Литмир - Электронная Библиотека

Поход к кадавру вымотал обоих. Даша мучилась спиной, а Матвей обгорел. Он был в бейсболке, поэтому лицо почти не пострадало, но снять майку на обратном пути было ошибкой. Он позвонил Даше ночью из своего номера. Когда она зашла, он сидел на кровати, на него было больно смотреть – весь ярко-розовый, словно ошпаренный кипятком. На спине и плечах – бледные следы от рюкзака и лямок.

– Стейк говяжий, прожарка well done, – сказал он, глядя на Дашу сквозь зеркало. И добавил: – Даже лечь не могу – больно.

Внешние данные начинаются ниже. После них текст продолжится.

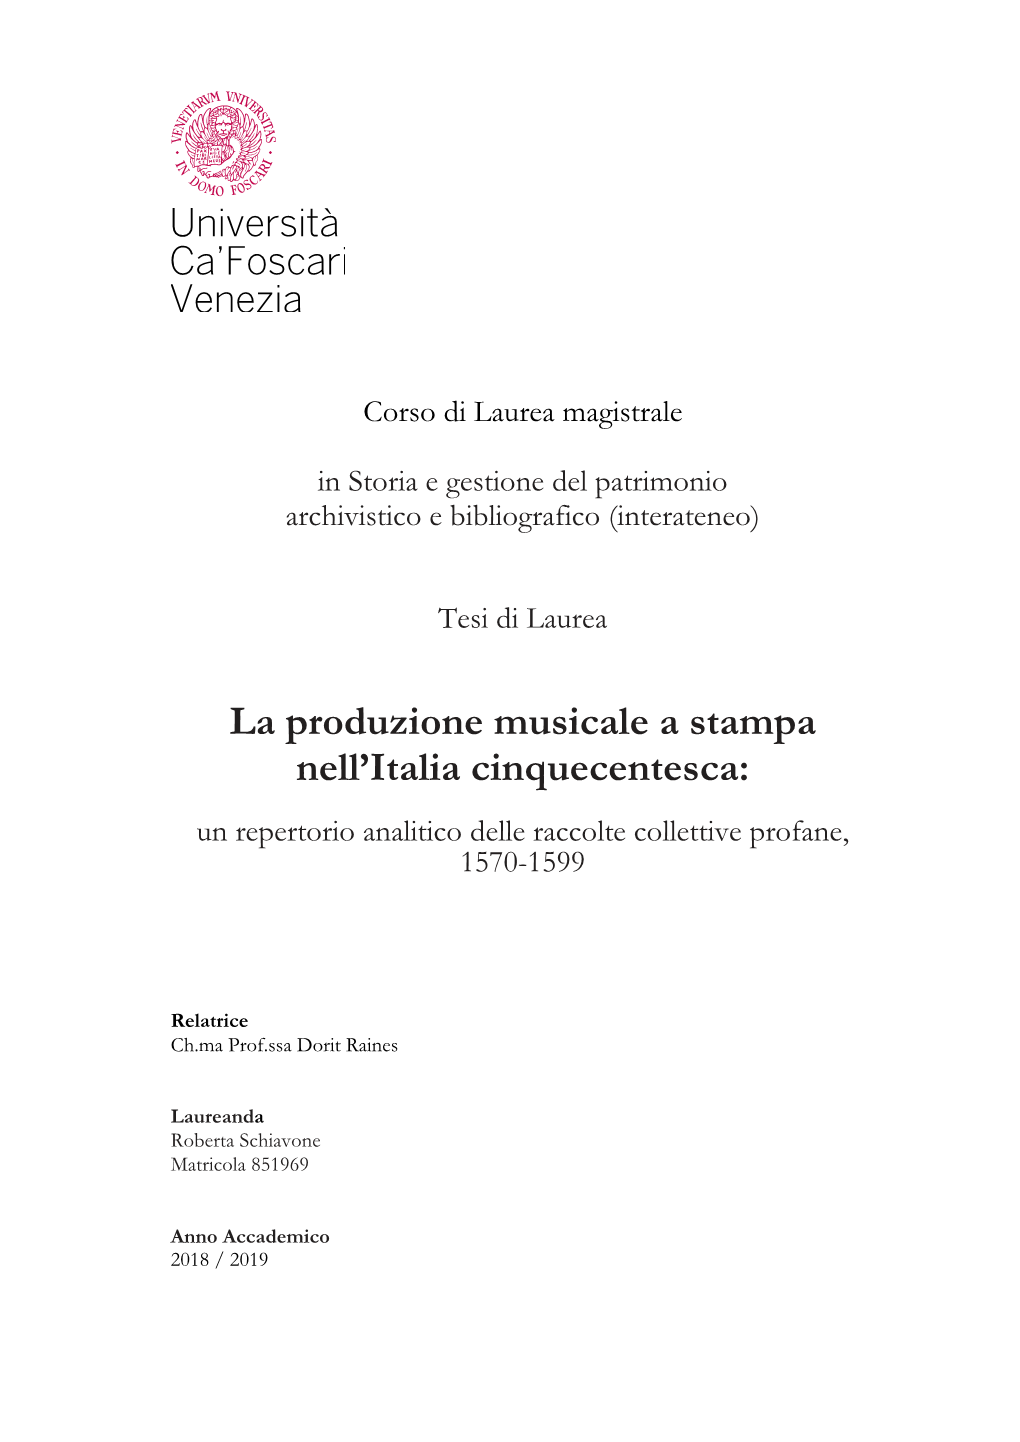 La Produzione Musicale a Stampa Nell'italia Cinquecentesca

Он жаловался, что пантенол не помогает, еще и пахнет отвратительно. Попросил Дашу сходить в круглосуточный «Цилинь» и купить сметаны, обмазался ей и уснул, лежа на животе, и весь следующий день пах скисшим молоком.

По пути в Аксай их остановил гаишник, попросил выйти из машины. Матвей был в яркой рубашке с пальмами, обгоревший и обмазанный сметаной. Может, потому гаишник в него и вцепился – принял за колхозника на отдыхе и хотел отжать денег. Гаишник долго ходил вокруг машины со сдвинутой на затылок фуражкой и шмыгал носом, принюхивался, его явно смущал кисломолочный запах, он искал к чему придраться, но все было в порядке, даже огнетушитель новый. Заглянув в багажник, он очень заинтересовался чехлами с оборудованием.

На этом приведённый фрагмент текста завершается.